Avec seulement 9 réunions publiques sur les 16 initialement prévues, le débat public sur le développement et la régulation des nanotechnologies s'est clôturé en huis clos le 23 février. La Commission chargée de la consultation dispose désormais de deux mois pour effectuer « une mise en ordre des arguments » exposés pendant les 4 mois du débat.
Après 4 mois de débat (du 15 octobre au 24 février) et un budget de plus de 2 millions d'euros, le débat public sur les options générales en matière de développement et de régulation des nanotechnologies s'est clôturé par une réunion réservée à 250 invités. Alors que la série de 16 réunions publiques s'est achevée « virtuellement » sur Internet après plusieurs sessions perturbées, Jean Bergougnoux, président de la commission particulière de débat public (CPDP) chargée d'organiser la consultation, estime que « même si certaines circonstances ont été difficiles, les sujets qu'on voulait traiter l'ont été. »
« L'opposition au débat a été dans le débat »
Pourtant, plusieurs associations ou collectifs (et notamment les Amis de la Terre, Pièces et main d'œuvre) ont dénoncé un « dispositif d'acceptabilité » ou une « tournée de promotion des nanotechnologies ». De son côté, la CPDP considère que « l'opposition au débat a été dans le débat » et qu'un « débat public serein est un débat sans notoriété et sans enjeu visible. » Dans une tribune publiée par Le Monde, Bernadette Bensaude Vincent, historienne et philosophe des sciences à Paris-Ouest-Nanterre (1), estime néanmoins que « l'enlisement du débat nano de la CNDP pose une question de fond : quel était donc l'objectif poursuivi ? Il semble bien que le débat n'a été conçu ni pour les citoyens, ni par eux. » Pour elle, « ce débat arrive trop tard, puisque les nanomatériaux inondent déjà notre quotidien, et que des décisions financières importantes ont déjà été prises : après Minatec et les projets Crolles 1 et 2 à Grenoble, Nano2012 et NanoInnov ont été votés avant l'ouverture du débat national. »
Des thématiques qui « appellent des réponses »
Regrettant que les Ministères de l'Intérieur, de l'Outremer et des collectivités territoriales et de la Justice et des libertés n'aient pas participé au débat (seuls sept Ministères (2) signataires de la saisine), la CPDP, qui a jusqu'au 24 avril pour remettre son rapport, a ainsi relevé des thématiques récurrentes qui « appellent des réponses. » Parmi elles : la question d'un moratoire, les usages des nanotechnologies et leurs finalités (utilité/futilité), la question des risques et de leur prévention (bénéfices / risques, toxicité, traçabilité, protection des salariés, du consommateur, de l'environnement), l'encadrement éthique des nanotechnologies (libertés individuelles, puces RFID, miniaturisation des moyens de surveillance, interface homme-machine, problématique de l'humanité « augmentée ») et la question du mode de gouvernance.

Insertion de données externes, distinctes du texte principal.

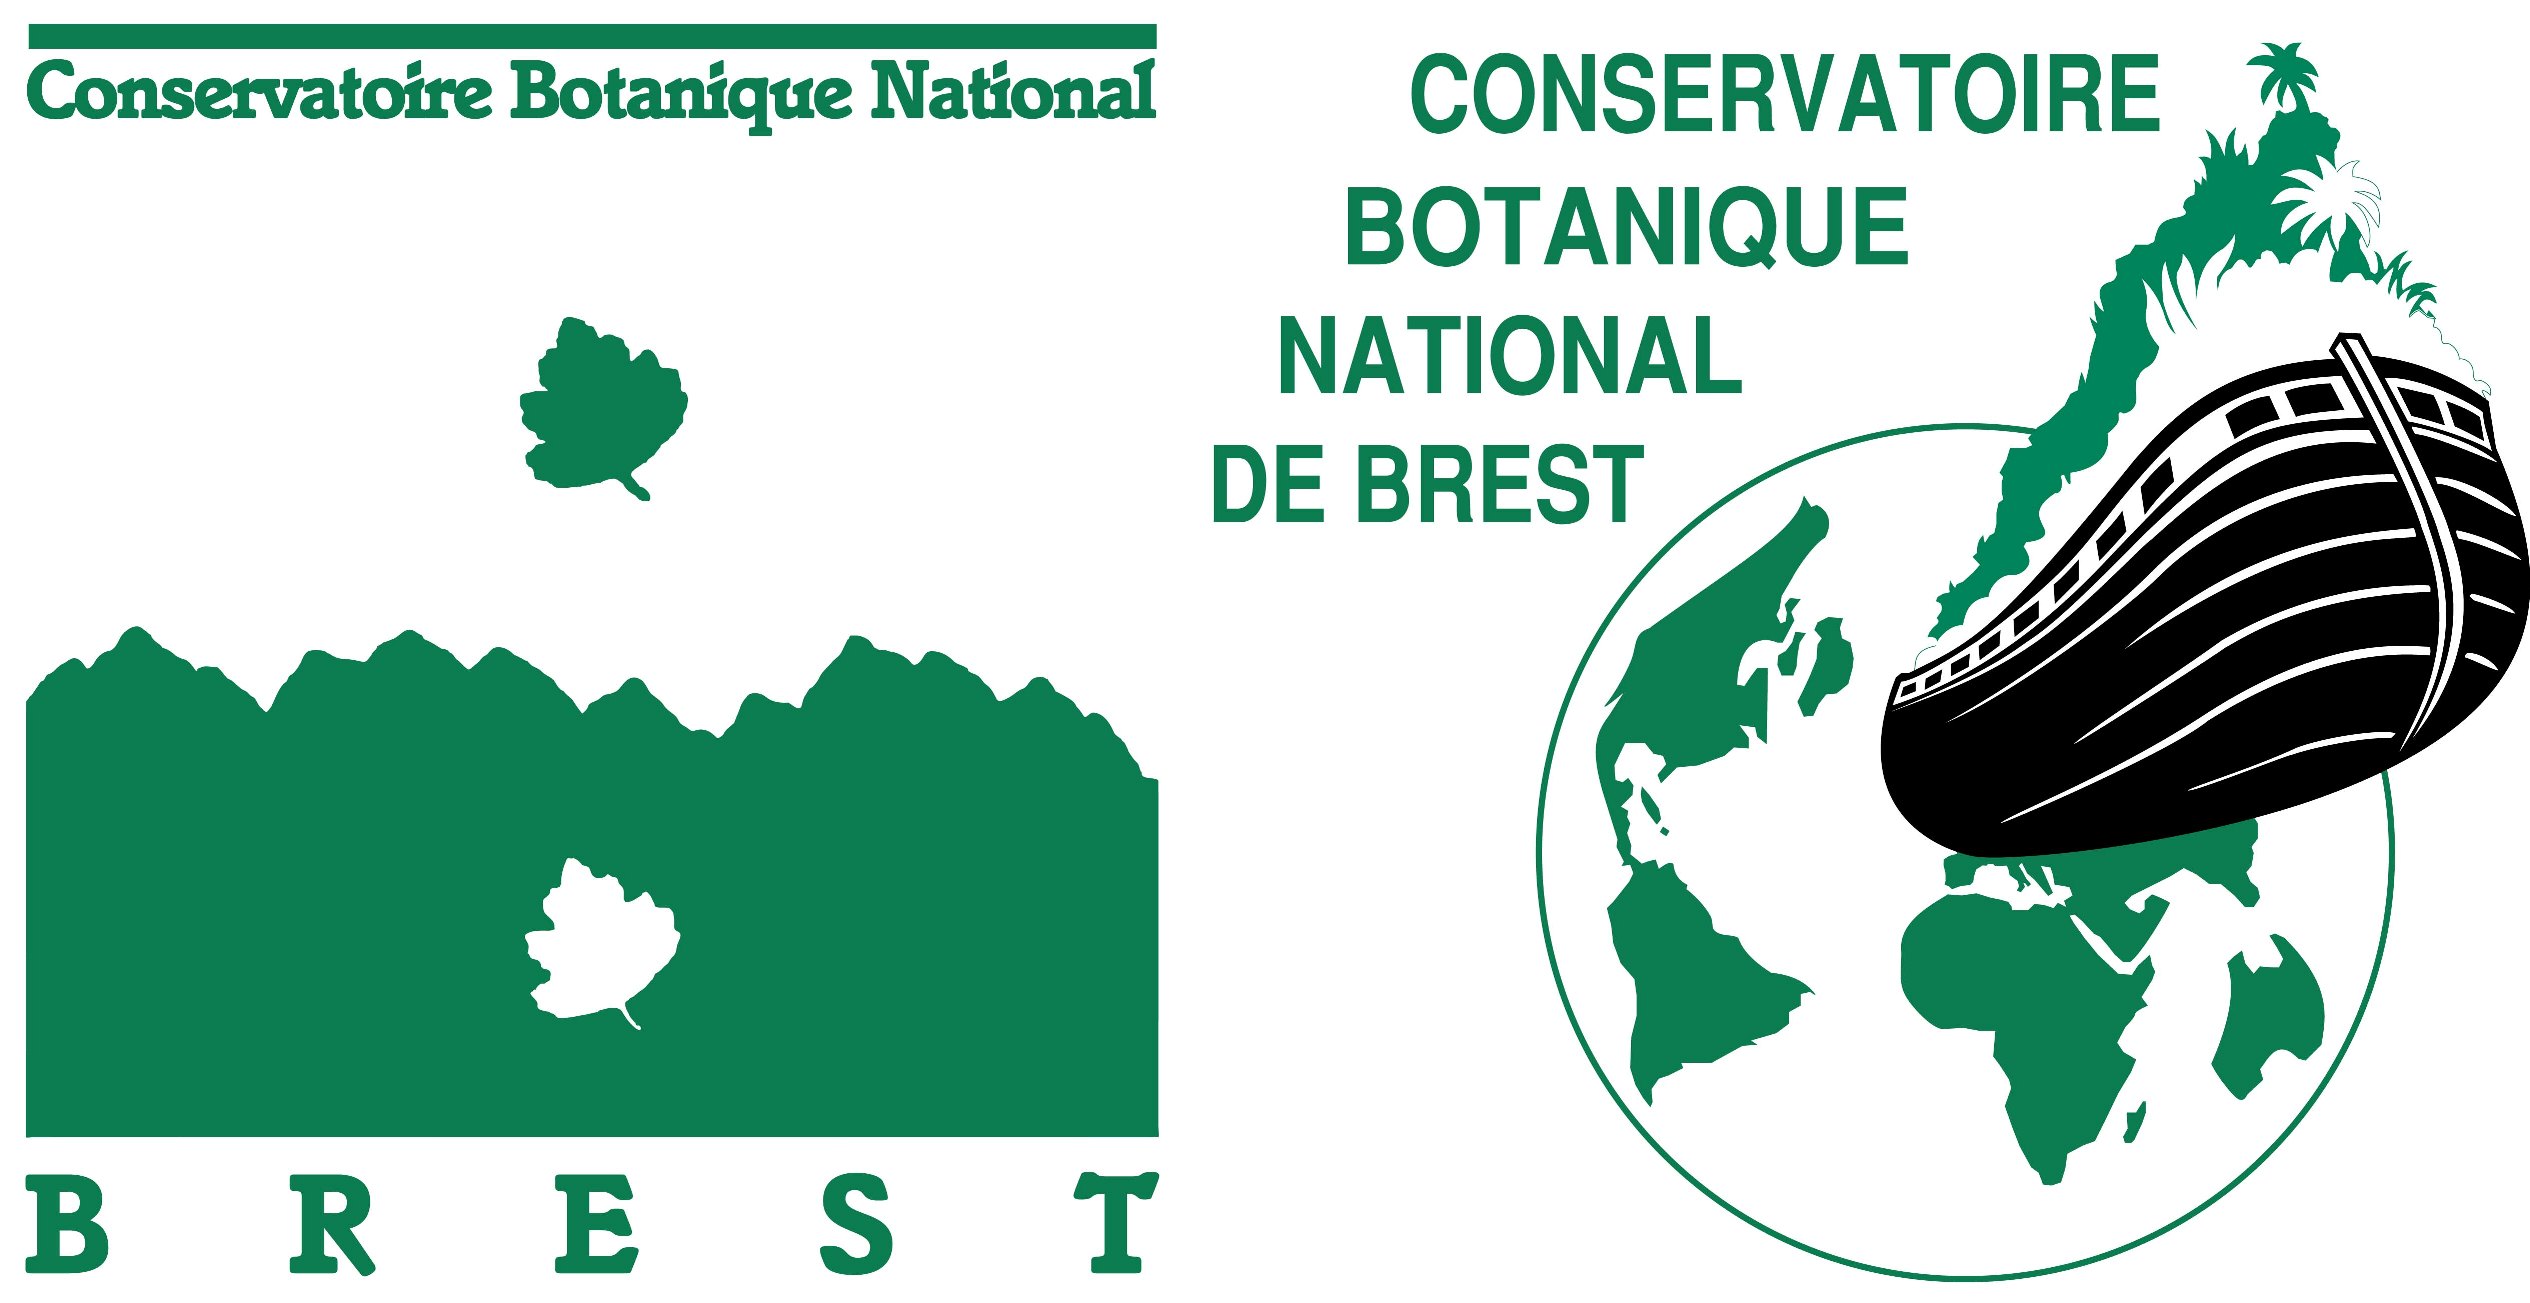 Conservatoire botanique National de Brest

En attendant les conclusions du gouvernement…
Dans le flot des inquiétudes soulevées lors de la consultation, la CPDP a notamment retenu un « déséquilibre flagrant entre les budgets consacrés à la toxicologie et l'écotoxicologue et ceux qui soutiennent le développement des applications
» et la nécessité de promulguer rapidement, au niveau européen, des règlements adaptés aux nanotechnologies (notamment une prise en compte explicite des nanotechnologies par le règlement REACH). Elle cite également la position, notamment adoptée par France Nature Environnement, en faveur d'une « gouvernance nano
» qui associerait « les différentes composantes de la société à la gouvernance du développement des nanotechnologies au sens large, considérées comme relevant d'une problématique globale.
»
Après la remise, au plus tard le 24 avril, du compte-rendu – « une mise en ordre des arguments
» et non des recommandations- de la CPDP et le bilan de la CNDP, l'État aura trois mois pour faire connaître ses conclusions.